[Assignment] Your reply must hold the lines from the one containing "Number Ninety Five, Loving" to the end of the entries, copied exactly, with pictures excluded.

[Provided data]
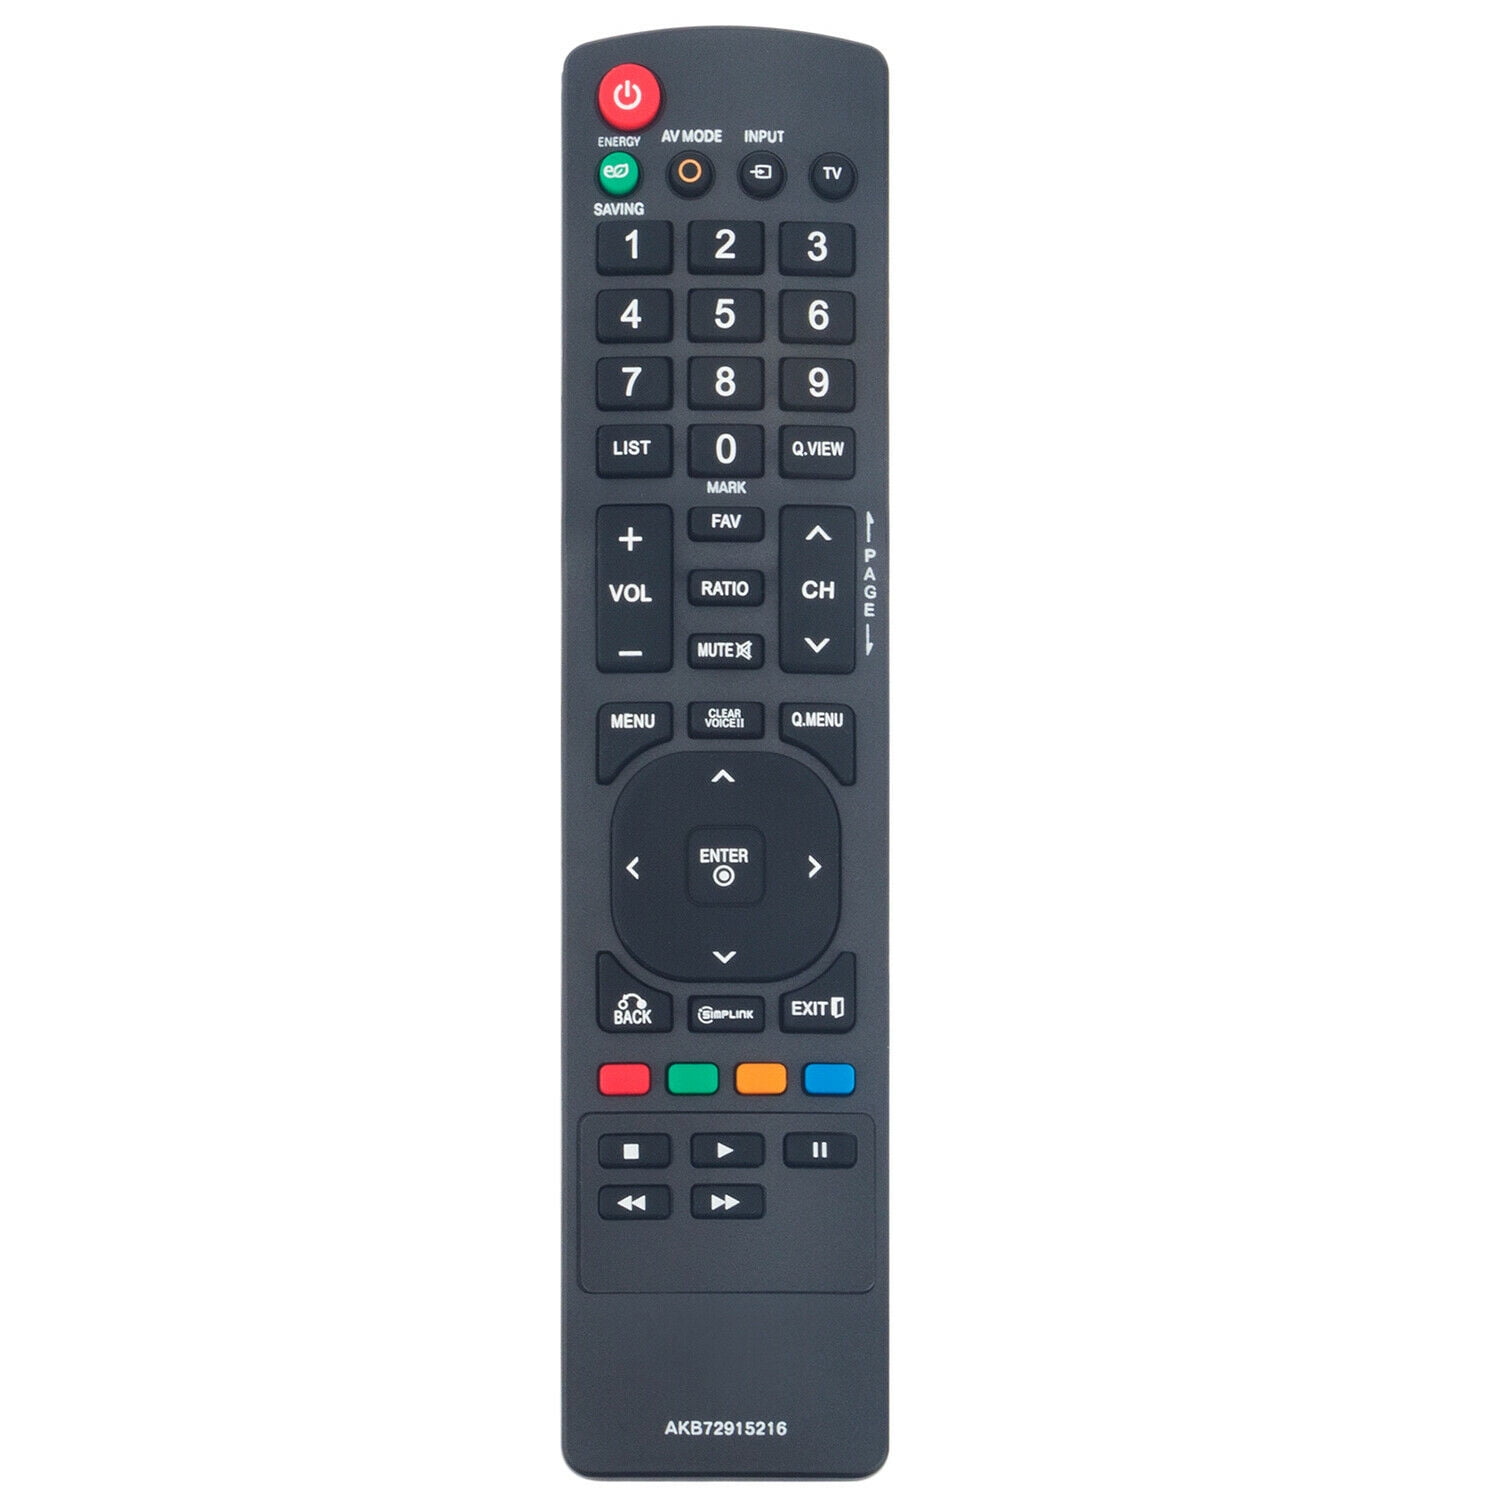 New Remote Control Replace AKB74455416 for LG Smart LED HDTV 43LF5900 49LF5900
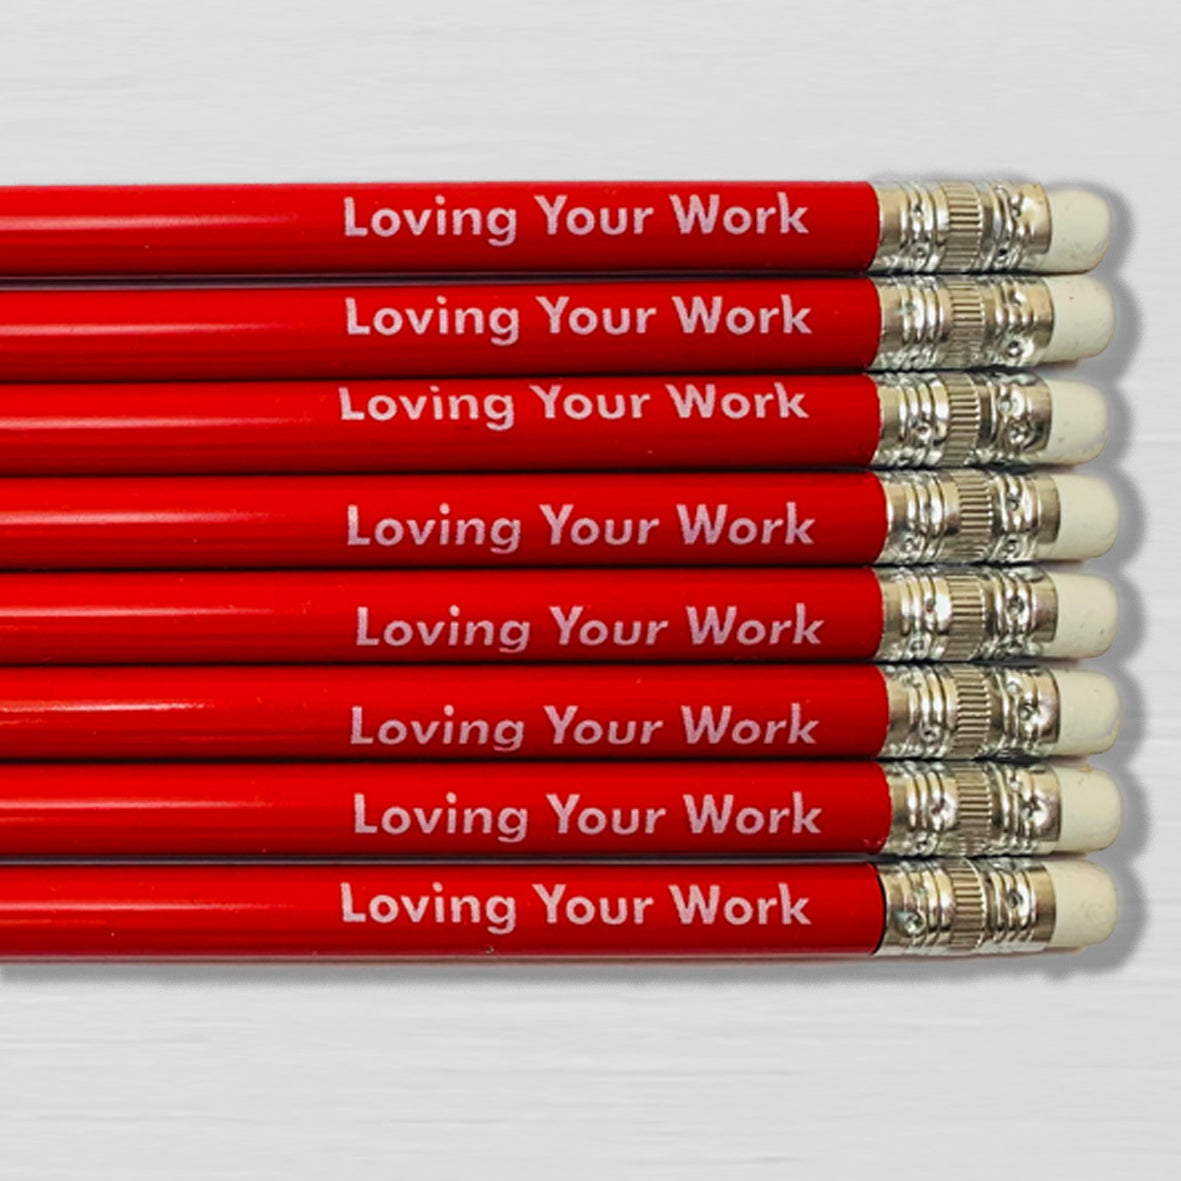 Number Ninety Five, Loving Your Work, 8 sharpened red pencils with white rubber tips, gift wrapped in a kraft box, with 8 pencils stating the phrase Loving Your Work written on them in white text.
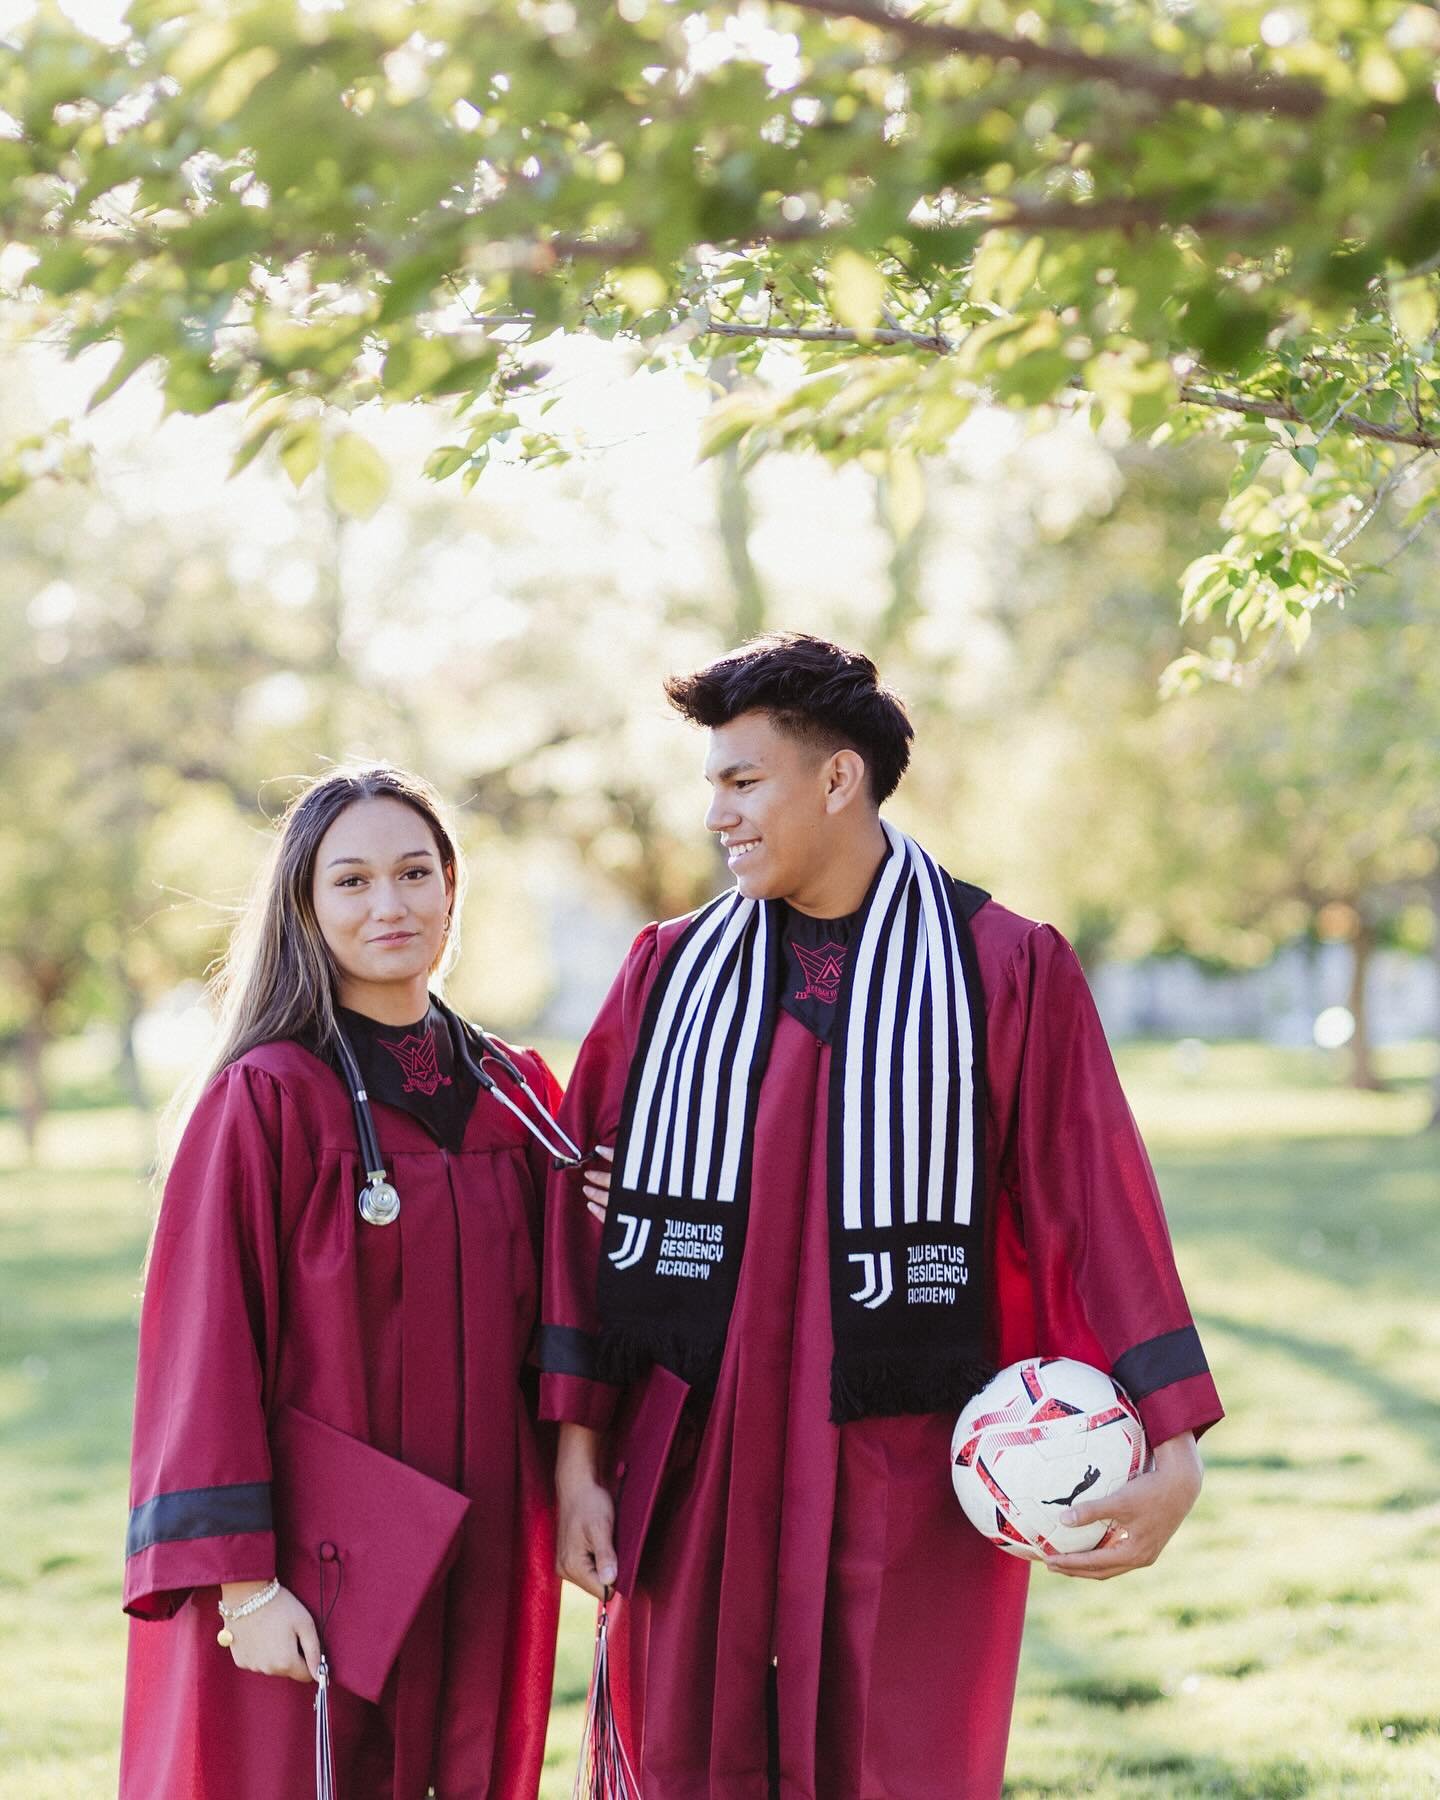 He is going to play soccer in Italy and she is going on the medical field #couplegoals #seniors #utahweddingphotographer
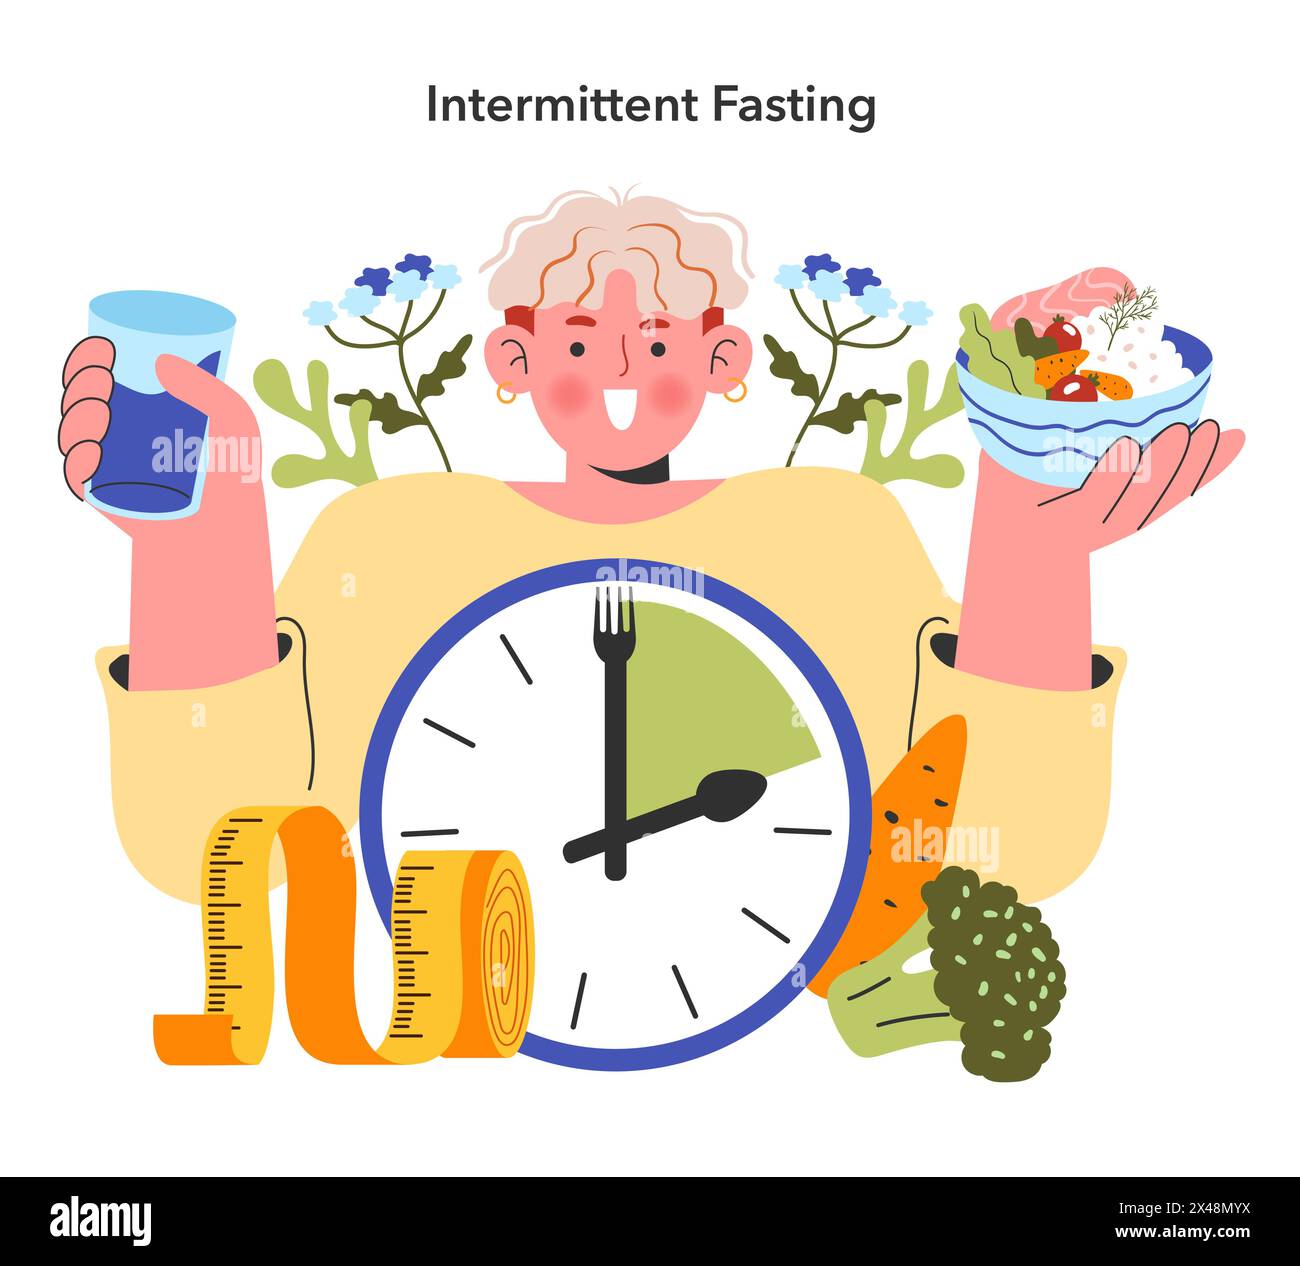 Intermittent Fasting concept. A person incorporating time-restricted eating with a focus on health and well-being. Nutrition control, weight management. Vector illustration. Stock Vector
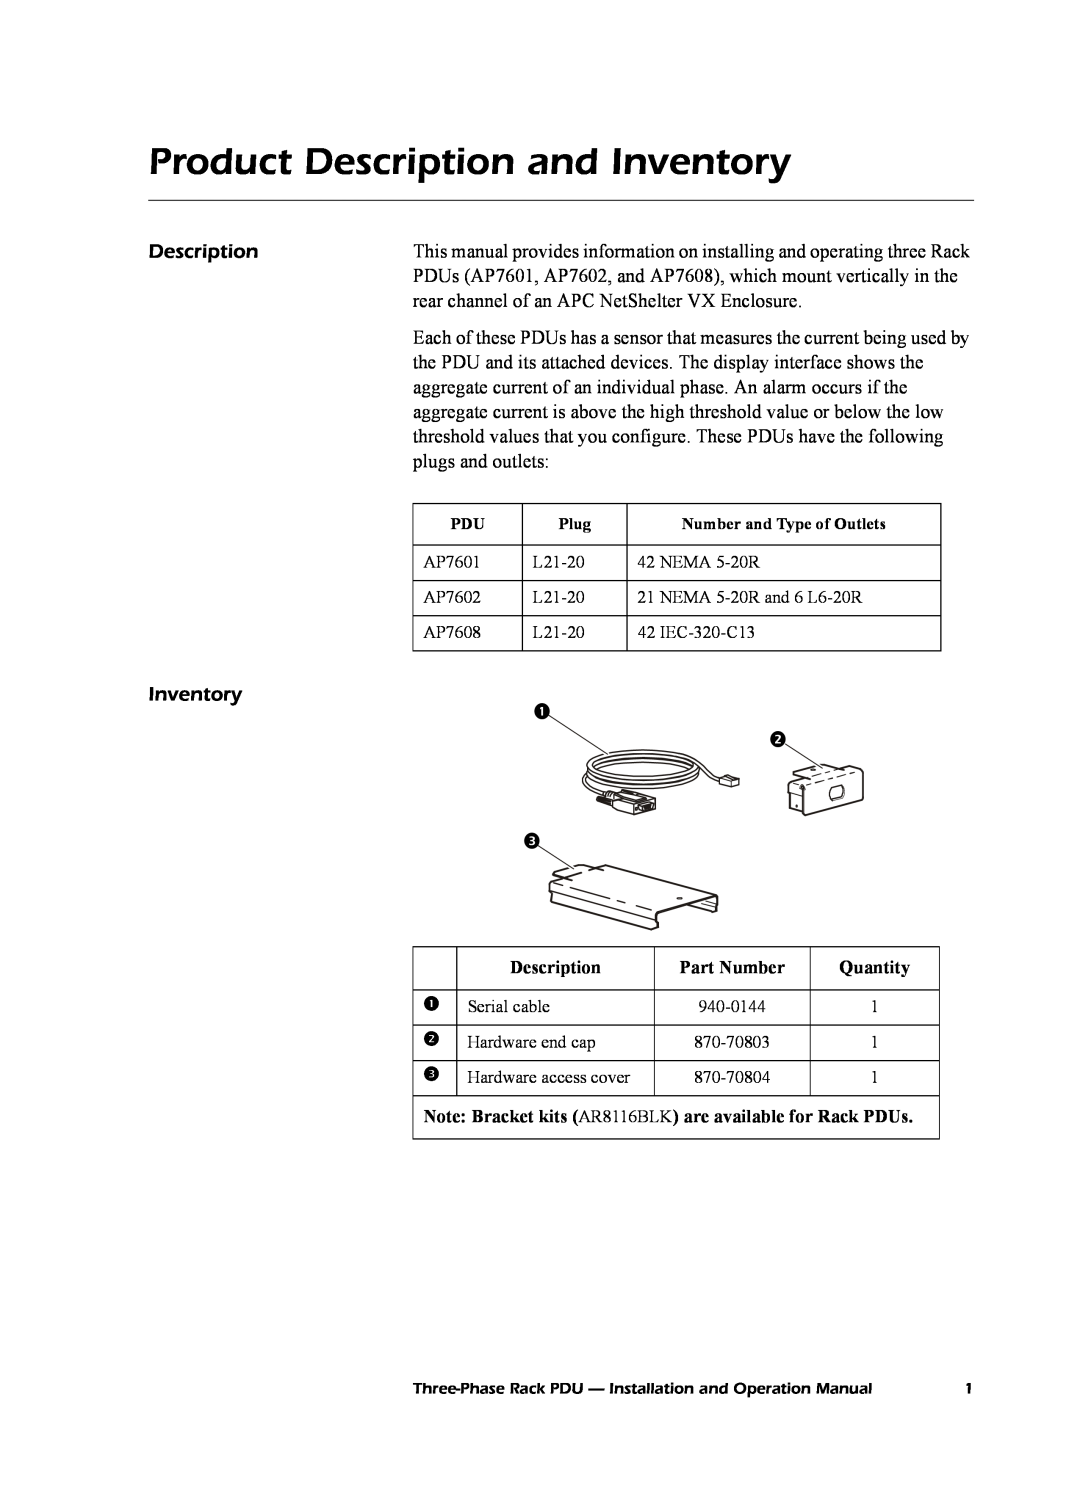 American Power Conversion AP7601, AP7608, AP7602 operation manual Product Description and Inventory

[Answer space]
 Number Ninety Five, Loving Your Work, 8 sharpened red pencils with white rubber tips, gift wrapped in a kraft box, with 8 pencils stating the phrase Loving Your Work written on them in white text.
 He is going to play soccer in Italy and she is going on the medical field #couplegoals #seniors #utahweddingphotographer
 Intermittent Fasting concept. A person incorporating time-restricted eating with a focus on health and well-being. Nutrition control, weight management. Vector illustration. Stock Vector
 American Power Conversion AP7601, AP7608, AP7602 operation manual Product Description and Inventory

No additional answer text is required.